The remarkable ability of a small Australian sea snail to produce a colourful purple compound to protect its eggs is proving even more remarkable for its potential in a new anti-cancer pharmaceutical.
Researchers at Flinders University, Southern Cross University and Monash University in Australia have isolated one compound in the gland secretions from the Australian white rock sea snail (Dicathais orbita) which has not only antibacterial and anti-inflammatory qualities, but powerful anti-cancer properties.

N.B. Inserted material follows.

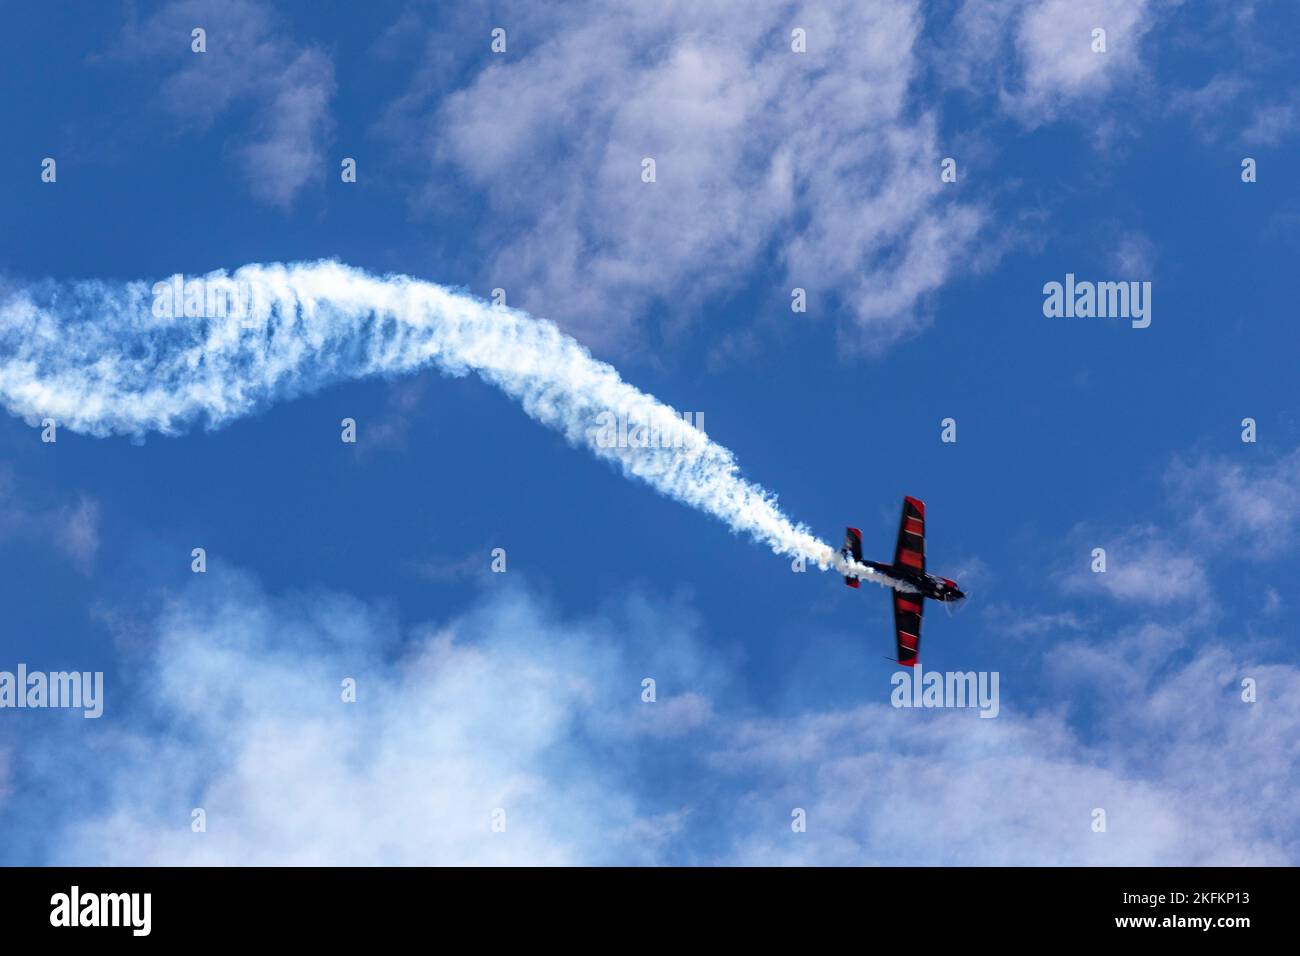 Rob Holland, piloting his MXS-RH, performs aerobatics during the 2022 Marine Corps Air Station Miramar Air Show at MCAS Miramar, San Diego, California, Sept. 24, 2022. Holland has been performing at air shows for over 18 years. The theme for the 2022 MCAS Miramar Air Show, “Marines Fight, Evolve and Win,” reflects the Marine Corps’ ongoing modernization efforts to prepare for future conflicts. Stock Photo

“After a decade of work, we have found an active compound derived from the substance produced by the mollusc’s gland which could be used as a preventative in bowel cancer,” says senior lead scientist Professor Catherine Abbott from Flinders University. “We’re very excited about these latest results and hope to attract investment from a pharma company to work on a new drug to reduce development of colorectal cancer tumours.”
Using the latest mass spectrometry technology, the research team has been able to pinpoint the lead active compound which, in future, could be put to good work.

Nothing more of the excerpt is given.